Holidaymakers can also look to the shoulder months of May, September and October, John Spollen advises, or travel midweek or on early and late flights to work around the fringes of demand.

“Be flexible, it all rolls into that,” he says.

Of course, it is in the industry’s interest to get people booking holidays and it remains to be seen how much prices may actually go up. Airlines will likely look to raise capacity in response to demand, and Ryanair this week announced its largest ever summer schedule from Dublin, but Covid makes things hard to predict. 

“It’s a chicken and egg situation,” as Pat Dawson, CEO of the Irish Travel Agents’ Association (ITAA) puts it.

“There is a huge pent-up demand for people to get out of this country. They want a break,” he says.

Right now, availability is good and there is “great value on the ground”, he adds. "The only worry we have is the spike in airline prices.”

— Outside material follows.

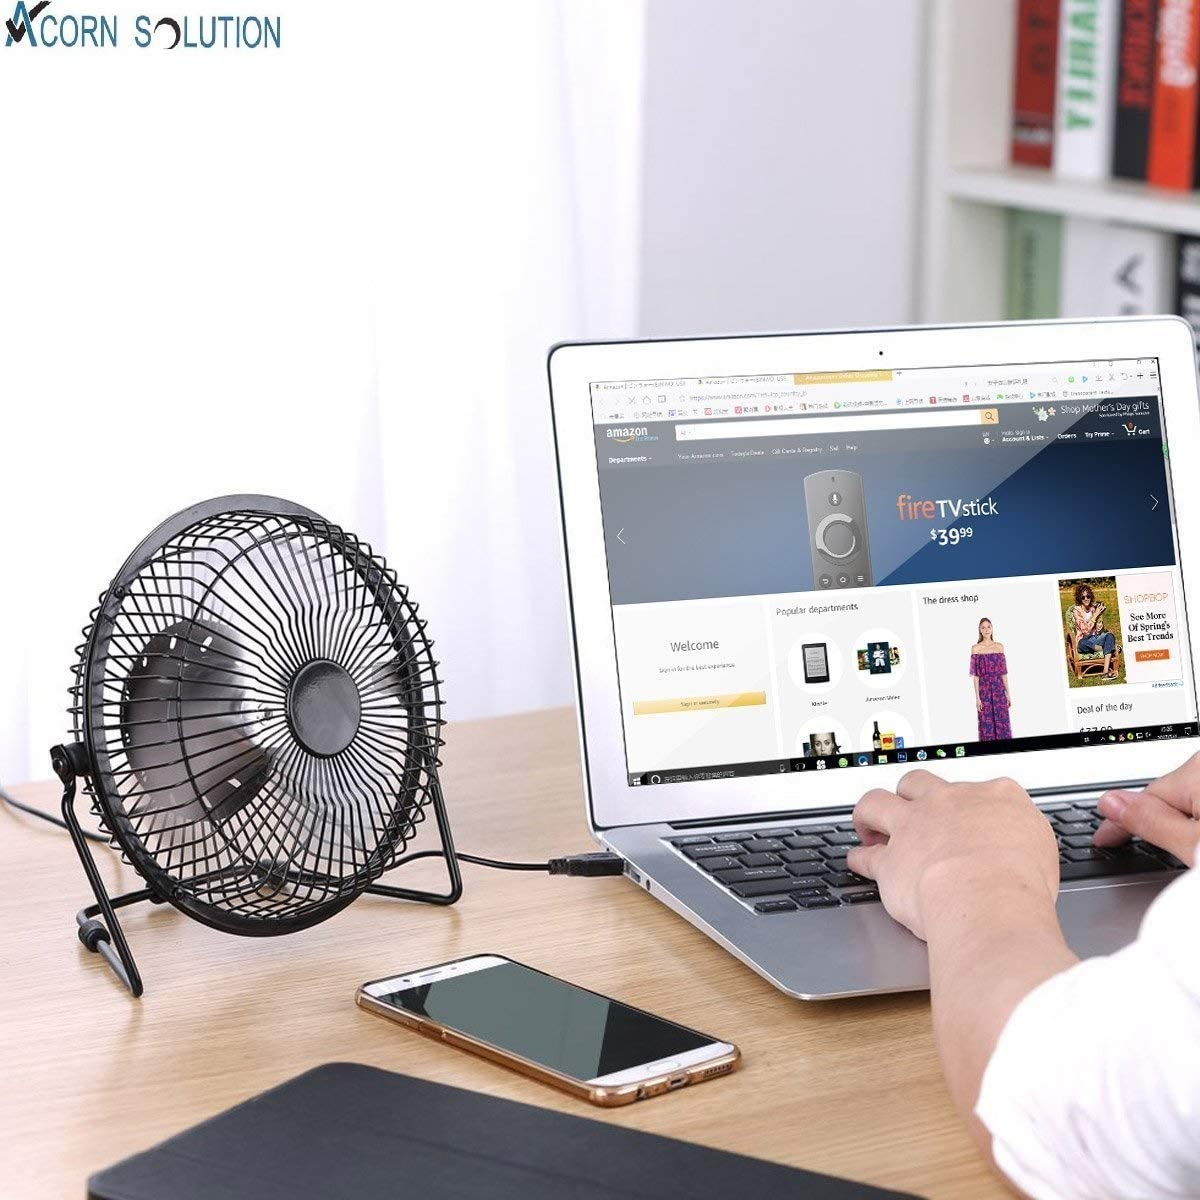 4-USB AcornSolution Ventilatore elettrico oscillante a 3 velocit/à bianco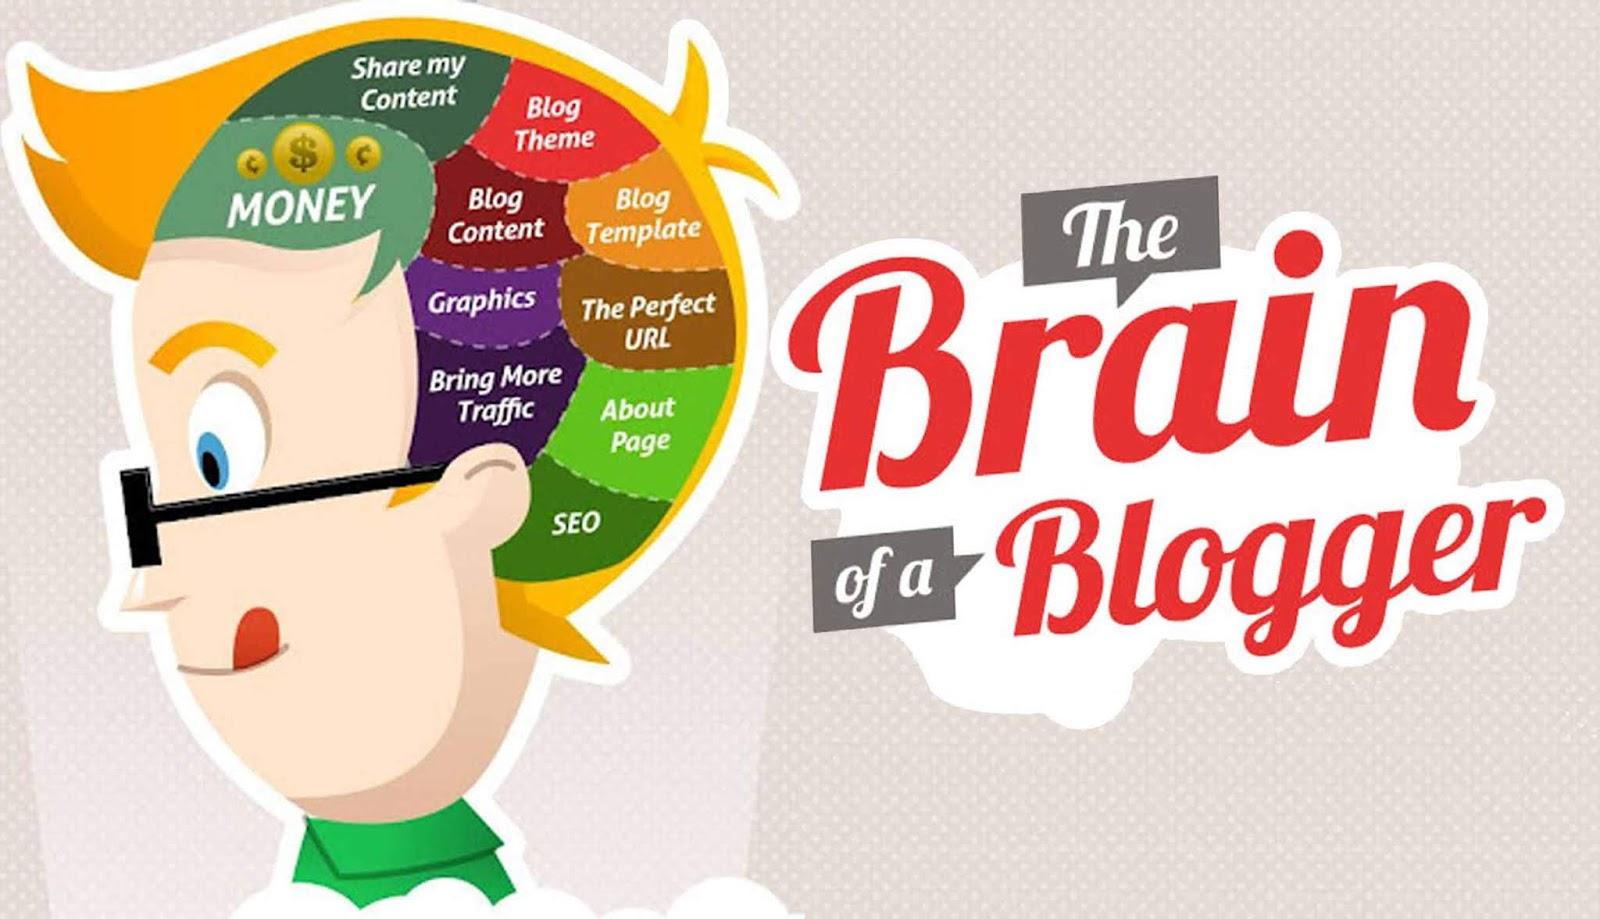 5 Hal yang Harus Dilakukan setelah Membuat Blog Baru

At Sunway, CEO Mary Denton reports a “very positive” couple of weeks, with “an immediate bounce” in enquiries following the easing of testing restrictions. 

“So long as things go in the right direction with Covid, and this wave eases up, I definitely think things are going to pick up,” she adds. “I think March might be our new January for bookings.”

Holidaymakers are mostly interested in “tried and tested” destinations like Spain, Portugal and the Canaries, Denton says, with long-haul bookings likely to gather pace later in the year, all going well. 

However, “prices are not going to stay low," she says. 

“I think it’s just supply and demand… capacity is not going to be at the same level as it was before, and most people probably haven’t been away on a proper summer holiday since 2019.

“The time to book is definitely now.”